Mayor Cicilline has made the lists a key part of his effort to promote Providence and prove that the city is a world-class artistic and culinary designation.
He has gotten the most traction out of a list — of sorts — published by The Wall Street Journal in August 2007. Reporter Candace Jackson interviewed executives in the travel and hotel industries who labor behind the scenes to identify — and create — the next big thing in travel destinations.
The story itself didn’t mention Providence, but a graphic accompanying the article listed 10 cities that “the travel industry hopes will become hits in the coming years.” Providence was the only American city in the graphic, which included worldwide destinations such as Rwanda, Montenegro and the Seychelles.

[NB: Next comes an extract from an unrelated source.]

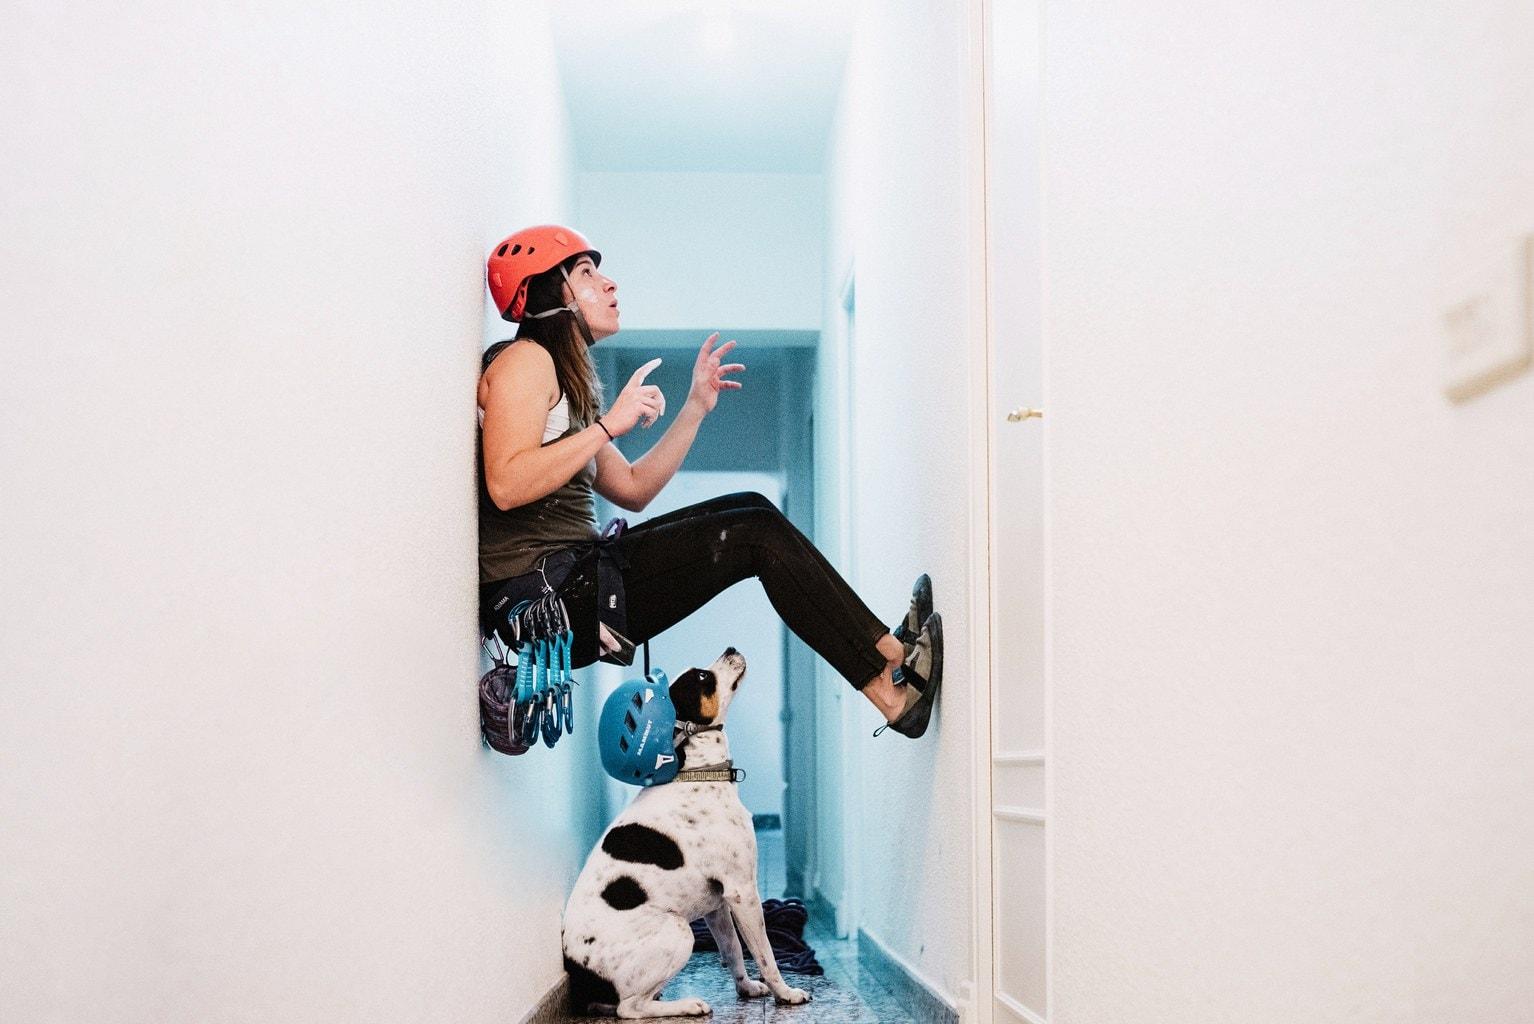 Autorretrato de chica escalando por pared de casa frente a la atenta mirada de su perro

Cicilline issued a slightly embellished news release in which he referred to The Wall Street Journal naming Providence “one of the top 10 hot spots in the world for travelers.” He has woven references to the newspaper article into his speeches for the past year.
“I carried around extra copies of that Wall Street Journal story for months,” he said.
But when the list press turns negative, Cicilline is quick to question its methodology. In January, Forbes magazine released its first “most miserable cities” list, which ranked Providence number 10, based on factors including tax load, crime, commute time and weather. Also in the top 10 were Chicago, New York and Los Angeles, which also show up on many lists of great cities.
“Sometimes you have to look at it because the factors they have used just don’t make any sense,” Cicilline said.
OTHERS HAVE been quick to point out the damage a listing like “most miserable” can do to a city.
Councilman John Lombardi, a longtime Cicilline foe, brought up the Forbes “most miserable” list at a February council meeting. Cicilline needed to refute this listing, as it could have serious financial effects on the city’s tourism and convention business, he said.
“We had a fiduciary duty to dismiss that and to retort against whatever comments were made,” Lombardi said.
A top-10 misery listing can have ramifications for a mayor’s political future as well, Lombardi said.
“I can see someone running against Cicilline and saying under his leadership Providence has been one of the 10 most miserable cities,” Lombardi said.
Cicilline may be able to console himself with a subscription to Forbes. The magazine’s 2008 best-cities-for-singles rankings should come out in the next few months, and if the experts are correct, Providence won’t stay at the bottom forever.
A list of lists
Number 4 Most Romantic City for Baby Boomers — Sperling’s Best Places, April 2006.
One of the Top Ten Little Italys in the U.S. — USA Today, October 2007.
One of the Ten Places the Travel Industry Hopes Will Become Hits — Wall Street Journal, August 2007.
One of Five “Cookin’ Cities” — AAA Car & Travel, May 2007.
America’s Number 10 Most “Miserable” City — Forbes, January 2008.
Number 15 of 25 Top Mid-Sized Arts Destinations — American Style, June 2008.
Ranked 3rd Thinnest in States with the Largest Population of Obese People — Medical News Today, August 2006.
Number 8 on List of “Greenest States” — Forbes, Oct. 17.